La polémique était sans doute inévitable. Elle a éclaté mercredi autour d’une caricature publiée par Charlie Hebdo, représentant la militante décoloniale Rokhaya Diallo grimée en Joséphine Baker, ceinture de bananes à la taille. Une image que l’intéressée a immédiatement qualifiée de « raciste », y voyant la réactivation d’un imaginaire colonial et sexiste qu’elle combat depuis des années.
Sur le réseau social X, Rokhaya Diallo a dénoncé un dessin « hideux », destiné selon elle à la « rappeler à sa place dans la hiérarchie raciale et sexiste ». Elle accuse le journal satirique d’être « incapable de confronter les idées d’une femme noire sans la réduire à un corps dansant, exotisé, supposément sauvage », inscrivant cette caricature « dans le droit fil de l’imagerie coloniale ».
Face à ces accusations, Charlie Hebdo a opposé une fin de non-recevoir, rejetant toute lecture raciale de l’illustration.
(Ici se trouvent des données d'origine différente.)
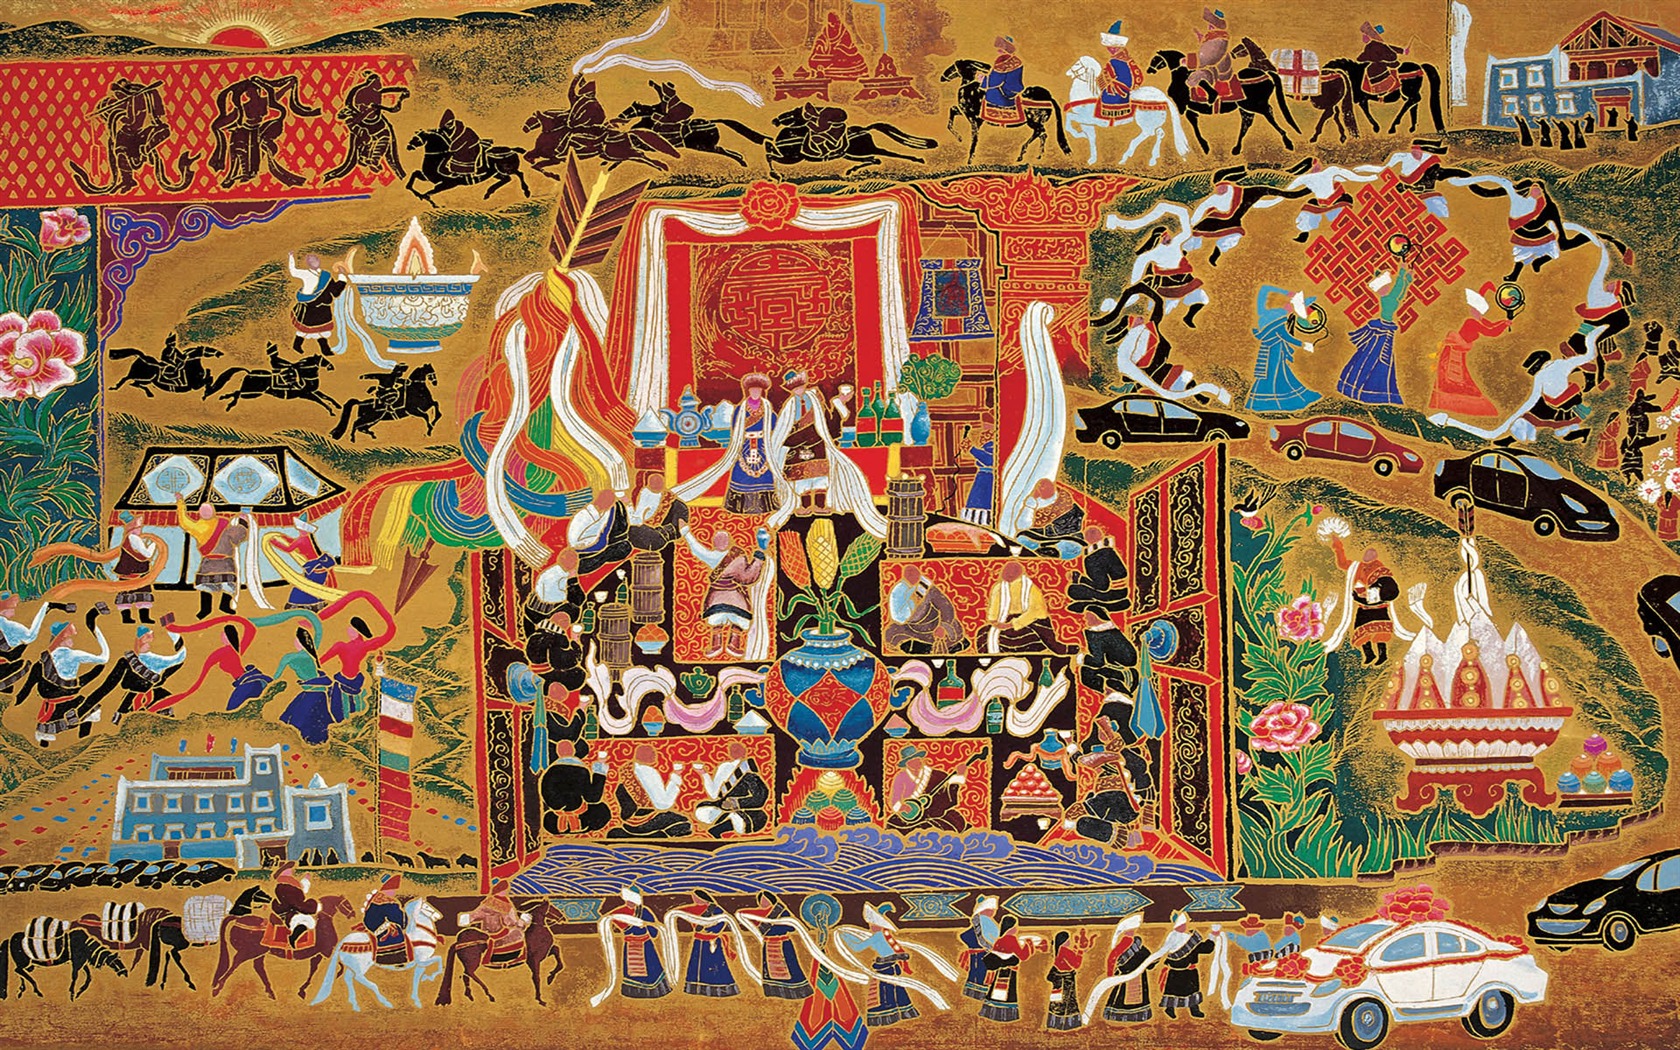 Cheung Pakistan fond d'écran d'impression du Tibet (2) #20 - 1680x1050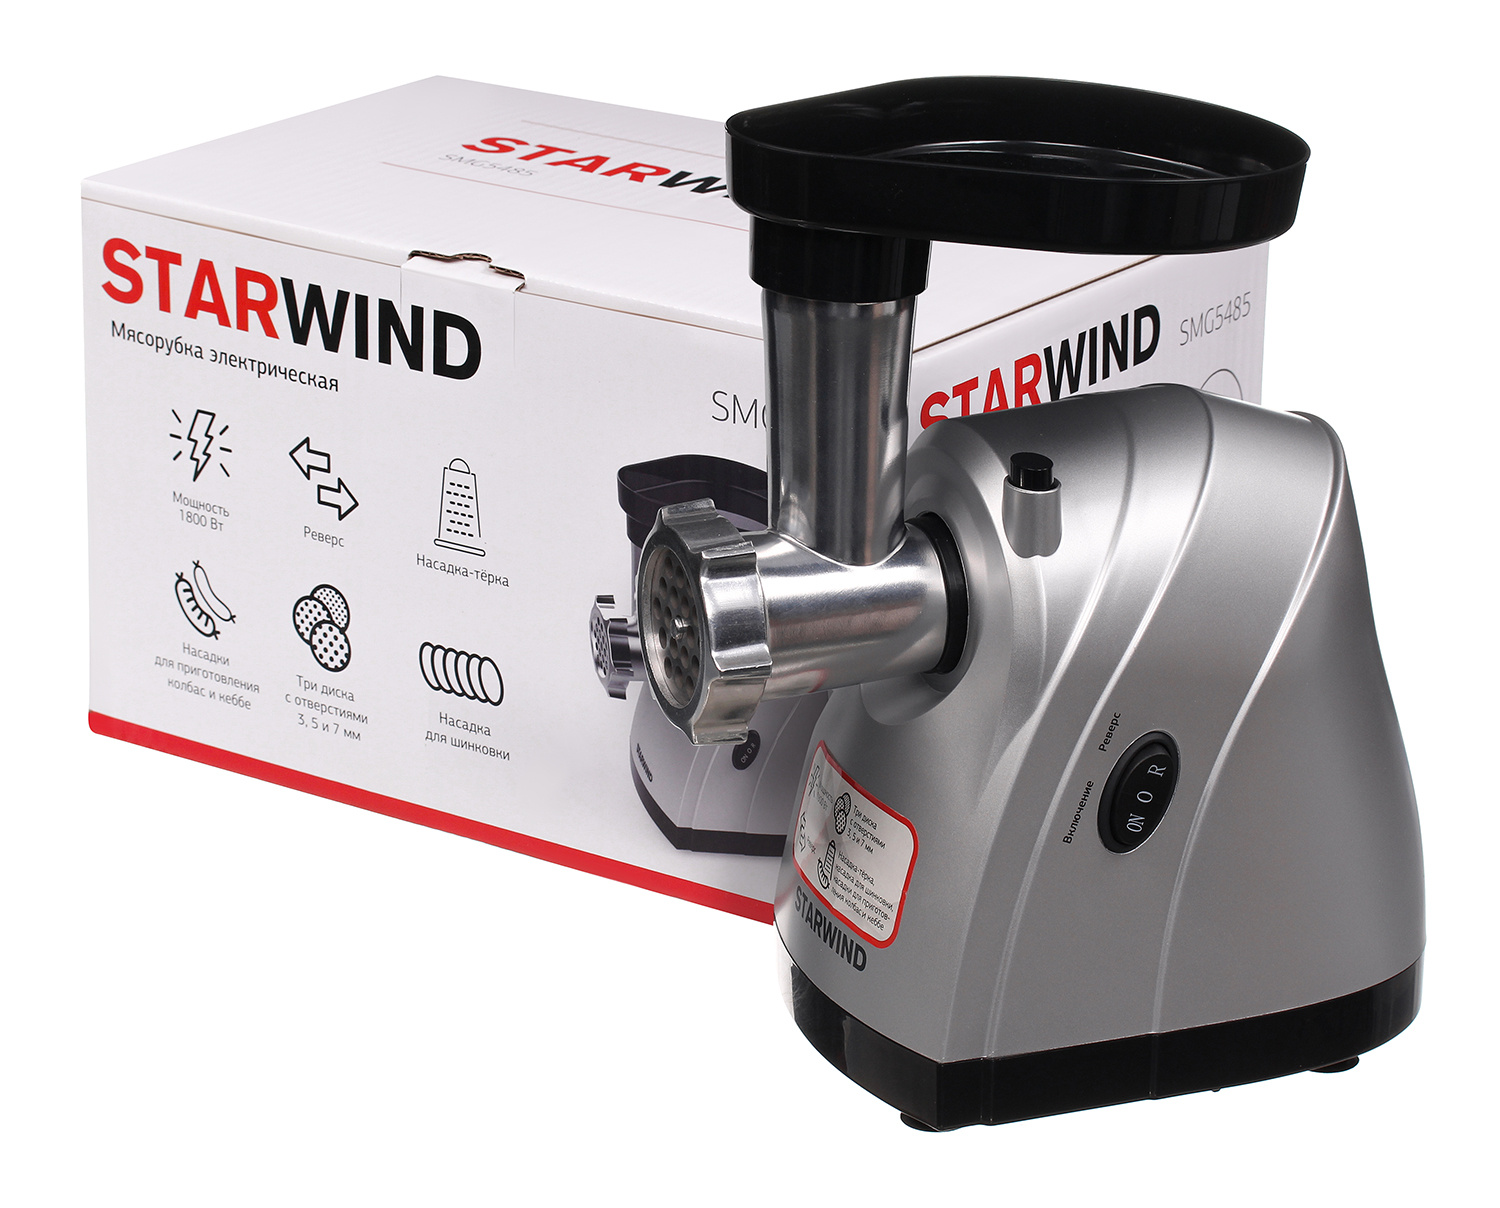 Мясорубка Starwind SMG5485 серебристый от магазина Старвинд

Le dessin, signé Riss, directeur de la publication, accompagne un article paru dans un hors-série consacré aux « fossoyeurs de la laïcité », titré : « Rokhaya Diallo, la petite fiancée de l’Amérique ». Le journal affirme y critiquer non une identité, mais des positions idéologiques : celles de l’essayiste, hostile selon lui à la loi de 1905 et favorable à un modèle communautariste inspiré des États-Unis.
Dans un communiqué publié sur le même réseau social, Charlie Hebdo estime que voir dans cette caricature une référence raciste relève de la « manipulation », accusant Rokhaya Diallo de projeter sur ses adversaires les logiques identitaires qu’elle défendrait elle-même. Le journal lui reproche d’assigner « chacun à son origine ethnique et religieuse », en opposition frontale avec l’universalisme républicain dont il se revendique.
Au-delà de l’échange d’invectives, l’épisode illustre une fois de plus la fracture idéologique profonde qui traverse le débat public français. D’un côté, une conception radicalement universaliste de la satire, qui se veut aveugle aux identités et jalouse de son droit à l’outrance ; de l’autre, une lecture attentive aux rapports de domination symbolique, où les images ne sauraient être détachées de leur histoire ni de leur charge politique.
Une controverse de plus, donc, où la liberté d’expression, l’héritage colonial et la définition même du racisme s’entrechoquent, sans que le dialogue semble réellement possible.